Chega-se a ter a impressão de que o regime presidencialista transforma o Poder Executivo em refém das piores figuras do Congresso. A licença anunciada de José Sarney, caso se concretizasse, poderia ter sido motivada por um choque de interesses de segunda categoria, já que sua gana por cargos no setor elétrico chega às raias da obsessão.

É cada vez mais evidente que o loteamento de cargos só desmoraliza a Nação. O poder deve ser exercido com espírito público, com visão de estadista e os palácios governamentais não têm que ser transformados em balcões de negócios.
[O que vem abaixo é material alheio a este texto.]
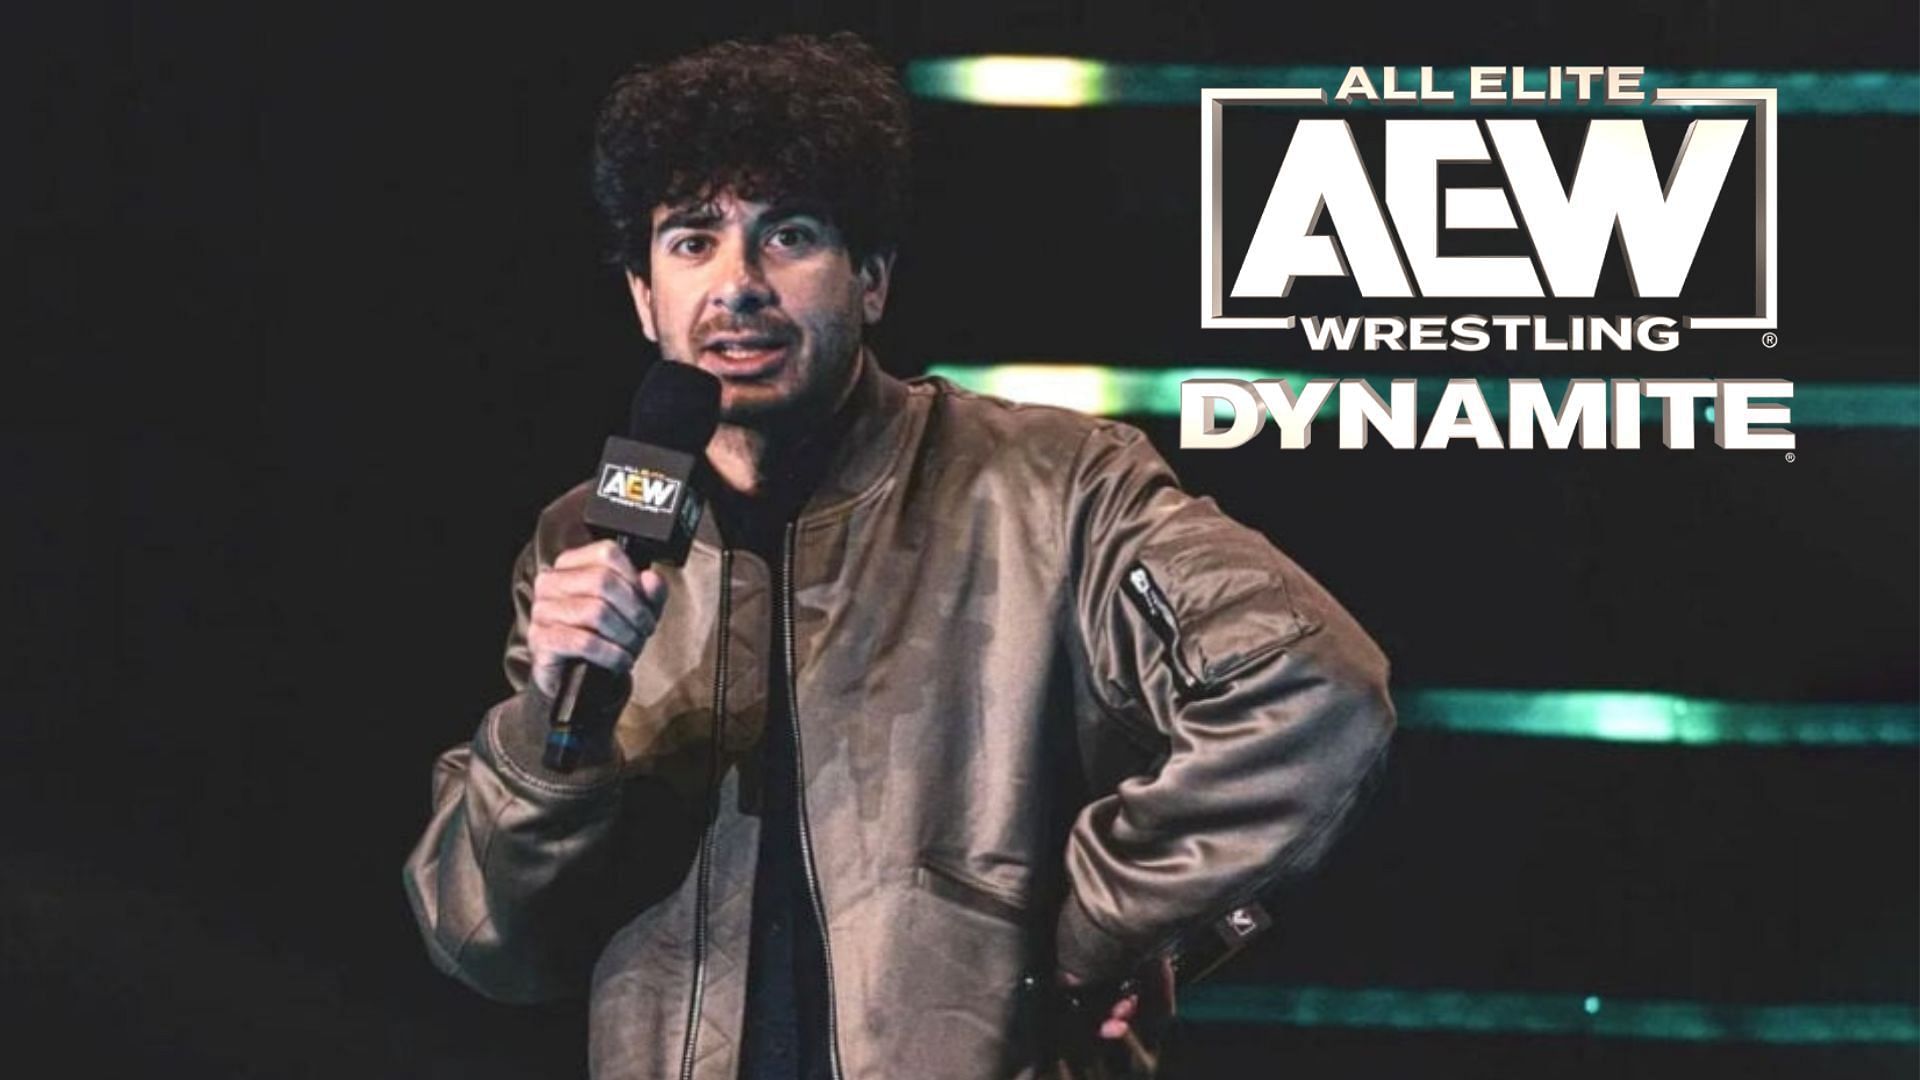 Tony Khan made a huge announcement on AEW Dynamite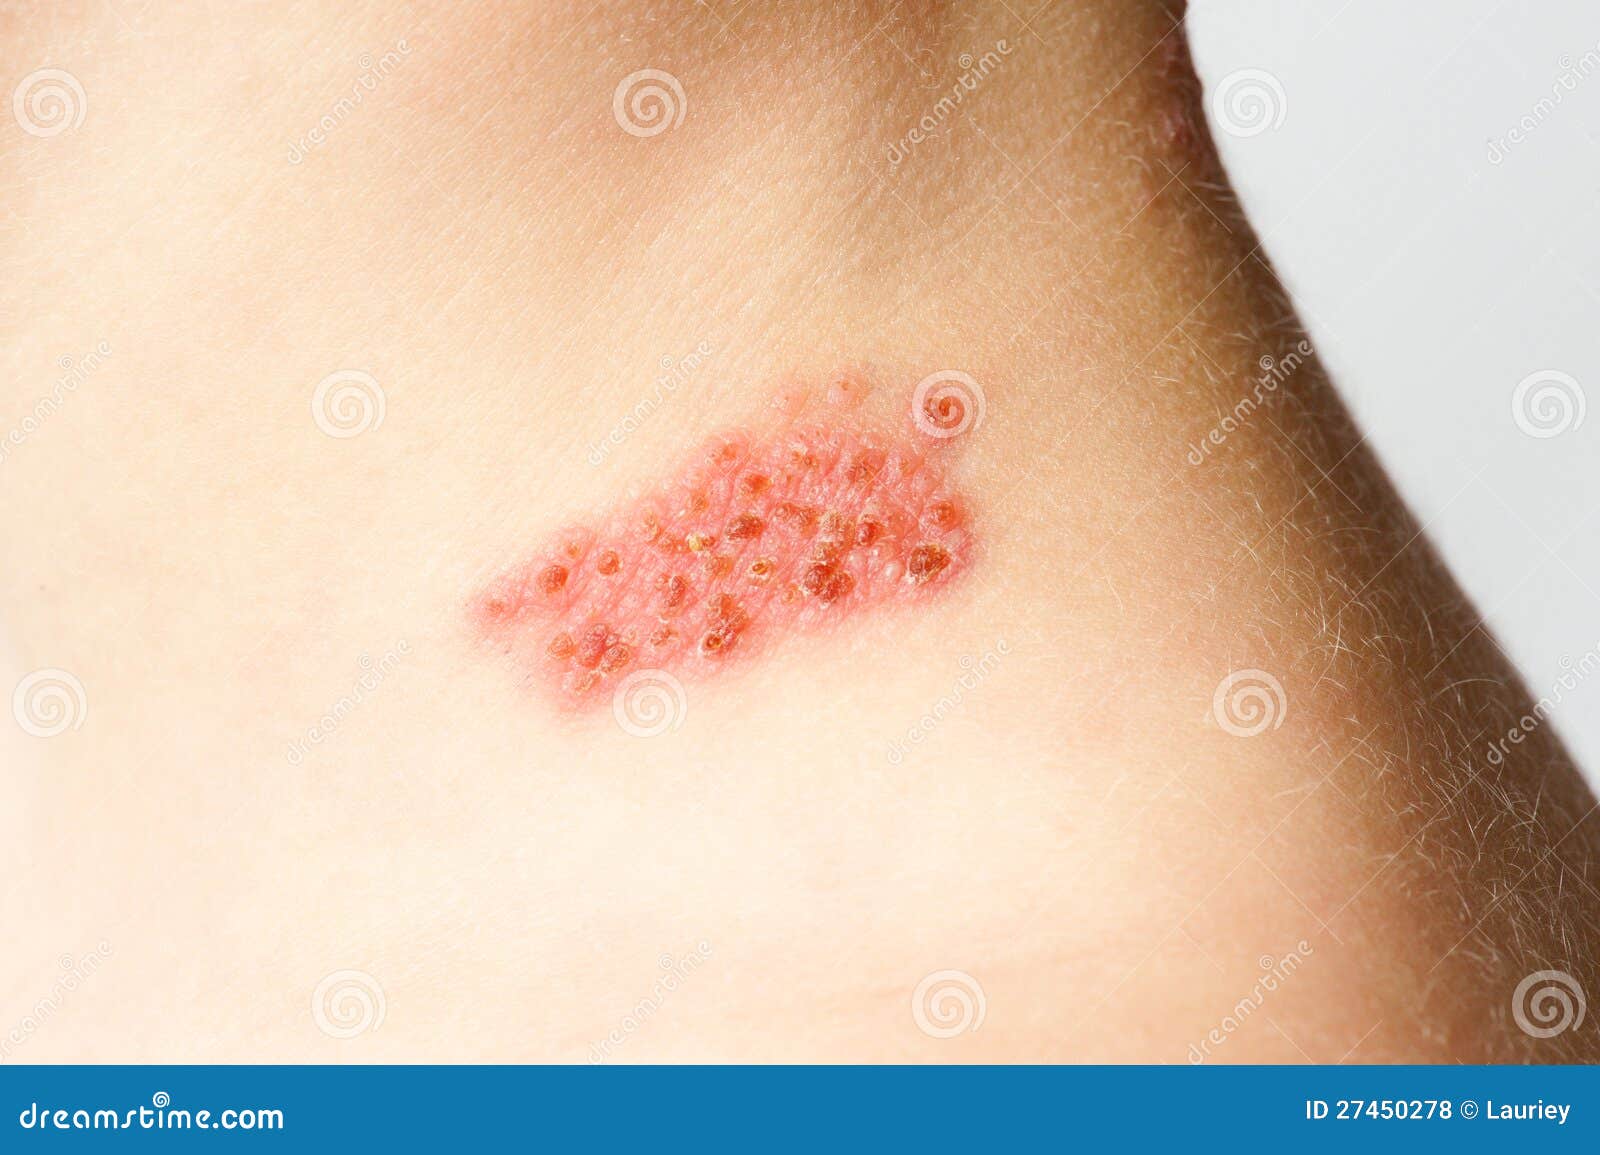 herpes scab pictures

Principalmente quando os guindados aos cargos são pessoas suspeitas de má gestão e até de malversação de recursos públicos.

Observe-se que o senhor Astrogildo Quental freqüentou durante anos as crônicas das suspeitas de corrupção do Estado do Maranhão e agora é premiado com o cargo de diretor financeiro da Eletrobrás.

Fica difícil crer na honestidade de gestões que se consolidam através de tiroteios verbais, armadilhas diplomáticas e chantagens. A Nação assiste envergonhada ao homem dos bois de ouro, Renan Calheiros, depois de transformar o Senado da República numa banca de orgias financeiras, indicar nomes para a BR Distribuidora. Ou o senhor Jader Barbalho, responsável por um assalto milionário aos cofres da extinta Sudam, emplacar o nome de Lívio Rodrigues de Assis na presidência da Eletronorte. E Sarney, que perdeu Silas Rondeau no MME para o propinoduto do Congresso, emplacar Lobão no Ministério das Minas e Energias.

Acima de todas essas escaramuças pelo dinheiro do poder, deveria estar a dignidade dos brasileiros. A energia é a matéria prima de sobrevida de qualquer dos povos do mundo nos dias de hoje. Mas neste setor o Brasil já pode esperar pela explosão de denúncias e escândalos que mais uma vez deixarão a todos boquiabertos. Os nomes do Ministério fazem essa premonição indesmentível. Errar é humano, persistir no erro é burrice. Infelizmente, temos que dizer que o presidente Luiz Inácio da Silva sabe que está errando mais uma vez.

Sarney nunca teve a intenção de pedir licença coisa nenhuma, muito menos para produzir literatura. Estava apenas praticando o tipo de literatura que mais conhece: da burla, do engodo, da chantagem.

Embora se saiba que qualquer presidente da República depende de maioria no Congresso para tocar os projetos do país, não podemos ser complacentes com um presidente que se deixa chantagear vezes consecutivas pelas mesmas figuras enlameadas de sempre. Principalmente quando ele tem consciência de que está colocando em risco um dos setores mais sensíveis da Nação: o que garante desenvolvimento, progresso e algum conforto para a população.